Social media revolutionized the way we communicate. Approximately 70 percent of adults are active on social media, and that percentage is rising each year. Social media allows us to share our thoughts with people all over the world. It has also become a tool employers can use to monitor employees or investigate applicants.

While it has often been said we should “dance like no one’s watching,” everyone should post on social media like their boss is reading – because they probably are. Thus, employees should consider how social media activity may impact their employment. But, there are limits on when disciplinary action can happen in response to an employee’s social media activity.

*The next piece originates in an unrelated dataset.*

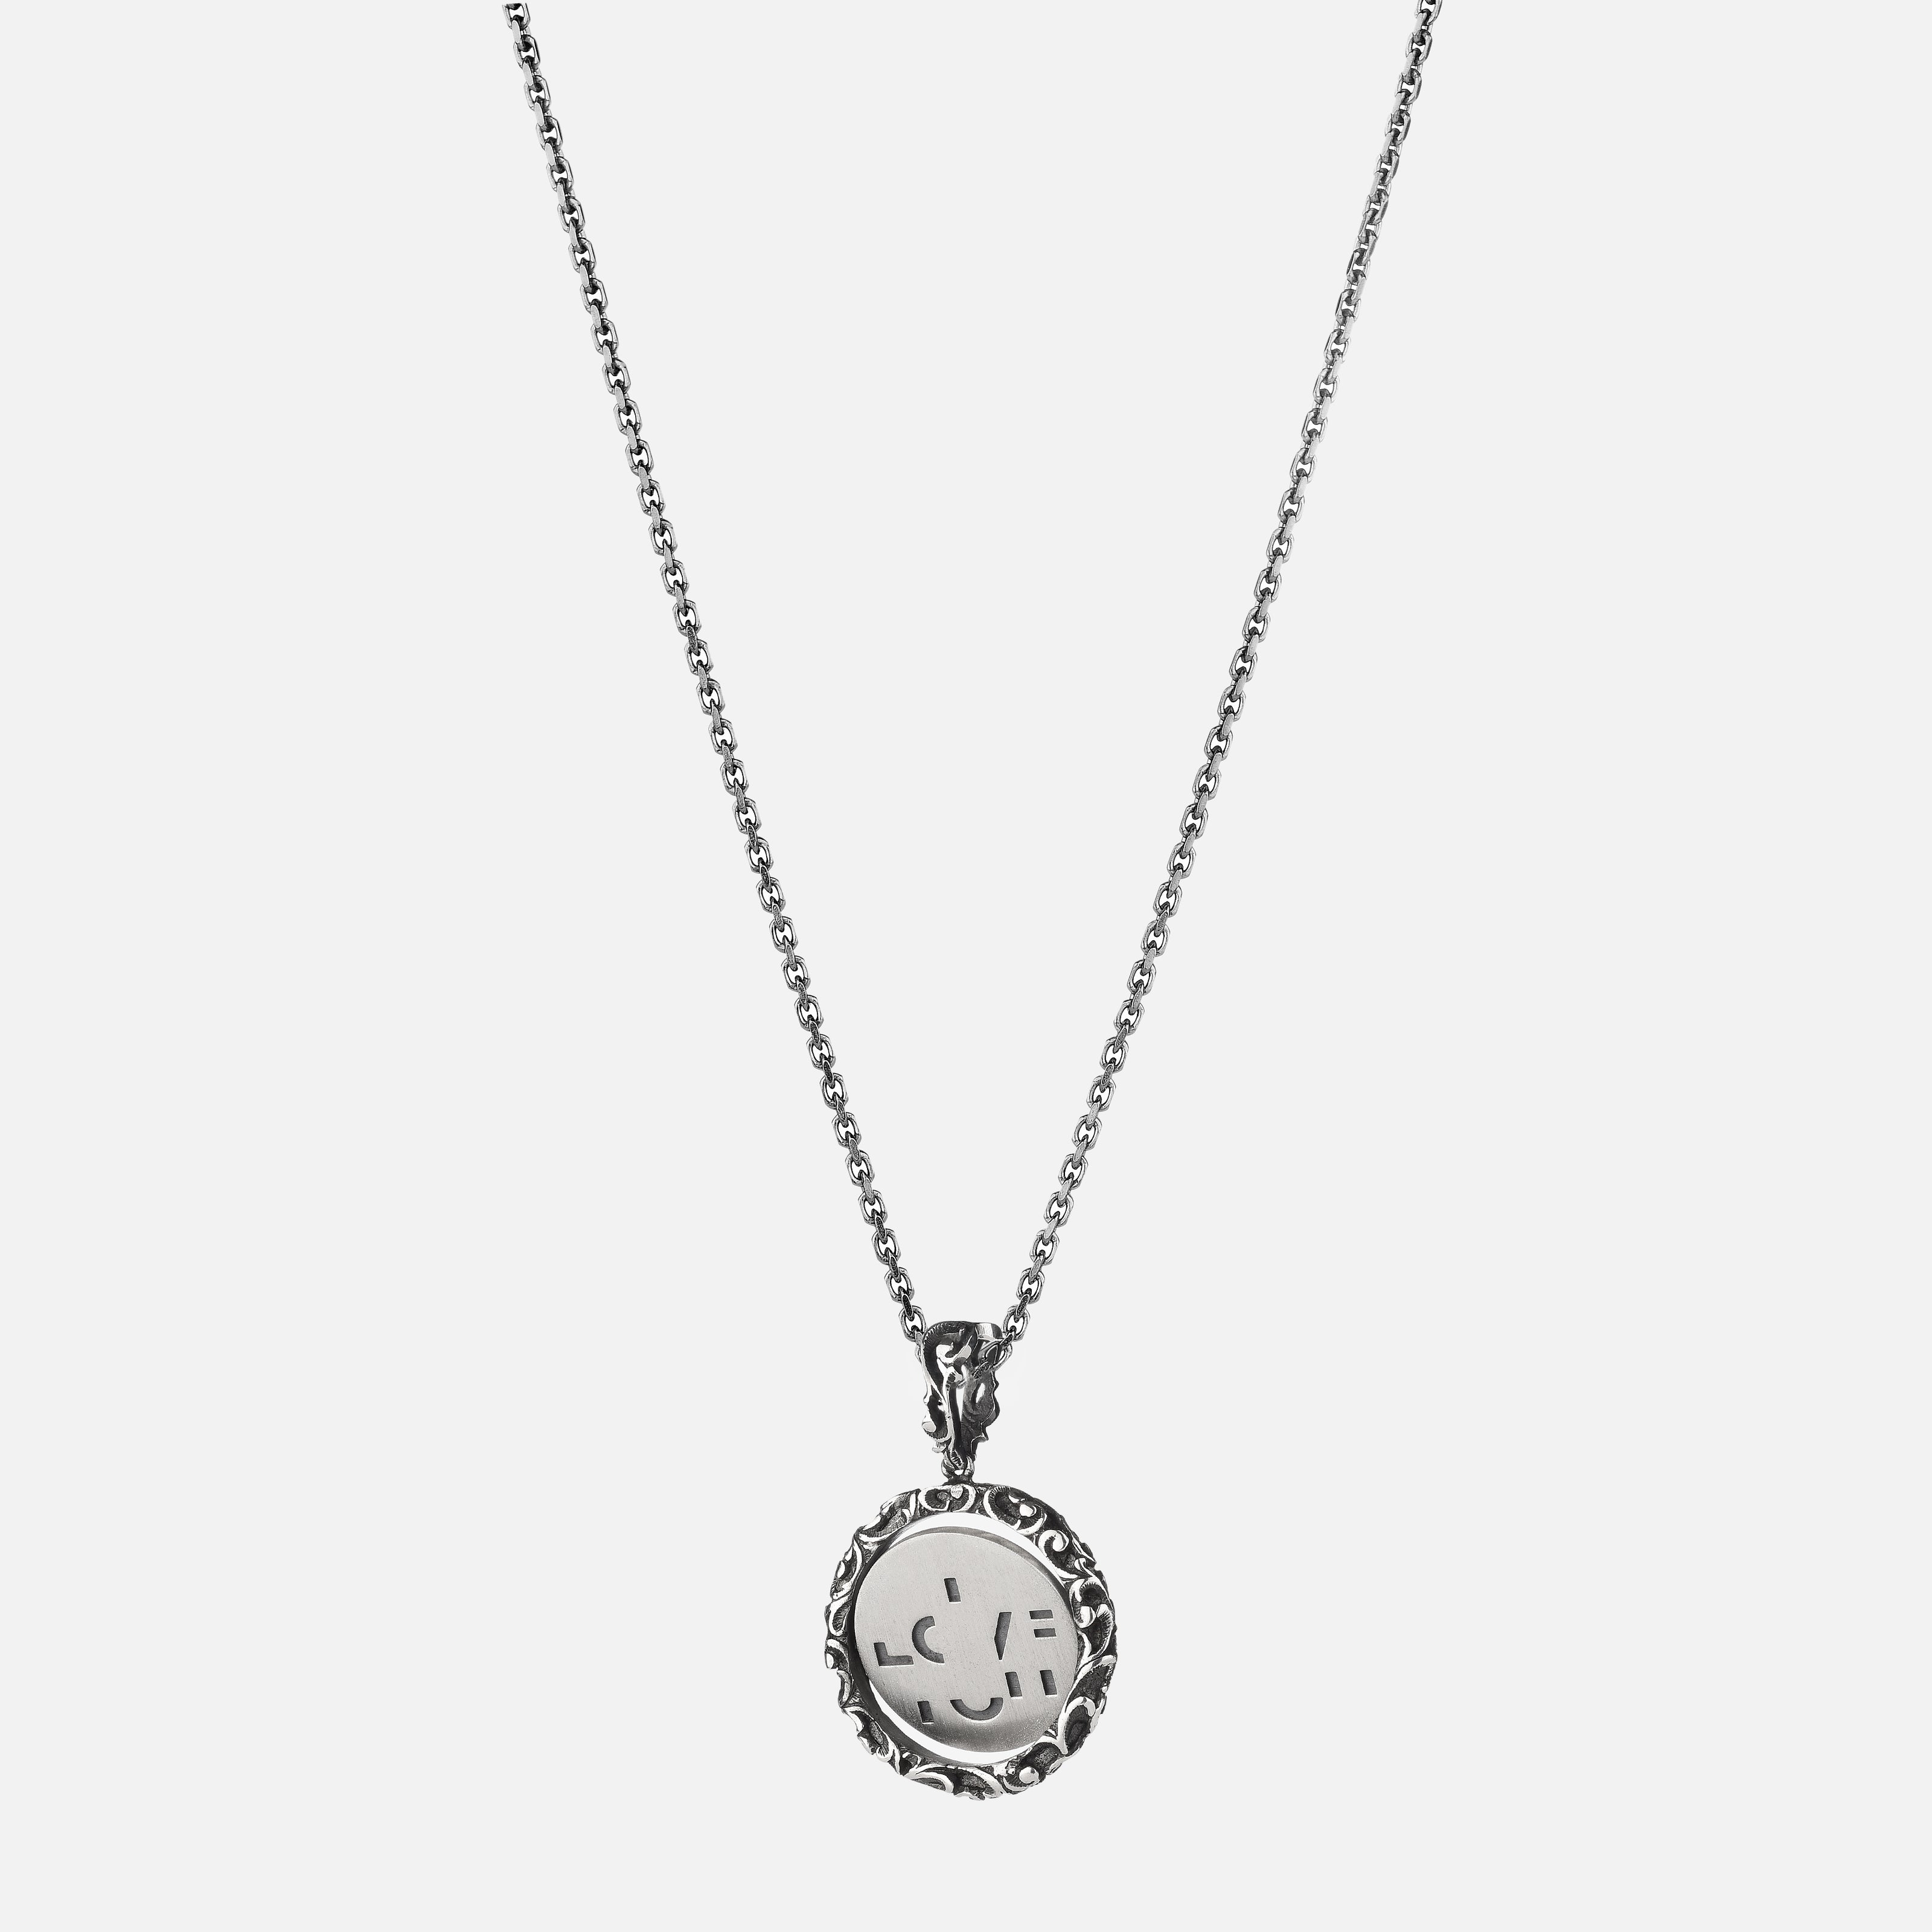 Shakti necklace, coin pendant with satin internal plate and writing

Ohio is an “employment at will” state, which generally means that, absent an agreement stating otherwise, an employer may terminate an employee at any time, for any reason. As such, an employer may terminate an employee for their speech or conduct outside of work.

But there are some exceptions. The law protects employees from adverse employment action if it results from an employee’s disability, membership in a protected class, or attempts to unionize. If an employer would be prohibited from penalizing or terminating an employee for a circumstance in the workplace, those prohibitions extend to social media activity. For example, Title VII of the Civil Rights Act prohibits discrimination based on race, color, religion, sex, national origin, disability, or sexual orientation. Thus, an employer may not terminate an employee for posting religious views on social media. Similarly, Section 7 of the National Labor Relations Act guarantees employees the right to self-organize, form a union, and bargain collectively. Thus, terminating an employee for attempting to organize is prohibited, even if the attempt occurs on social media.

The rules are a bit more complicated with government employees, who have an added measure of protection from their employers—the First Amendment of the U.S. Constitution, which does not limit how private employers respond to otherwise unprotected social media activity by employees. The First Amendment’s protection applies to posts on social media by government employees. But the U.S. Supreme Court has determined this protection applies only when public employees are speaking as a private citizen. Generally, a public employee speaks as a private citizen when posting on a private social media account. But even then, Constitutional protection applies only to statements related to a matter of public concern or a political issue.

Because of the prevalence of social media, employers and employees should consider the possible effects of social media on their employment relationships. This article provides an overview of a nuanced area of law. You should contact an attorney with specific questions.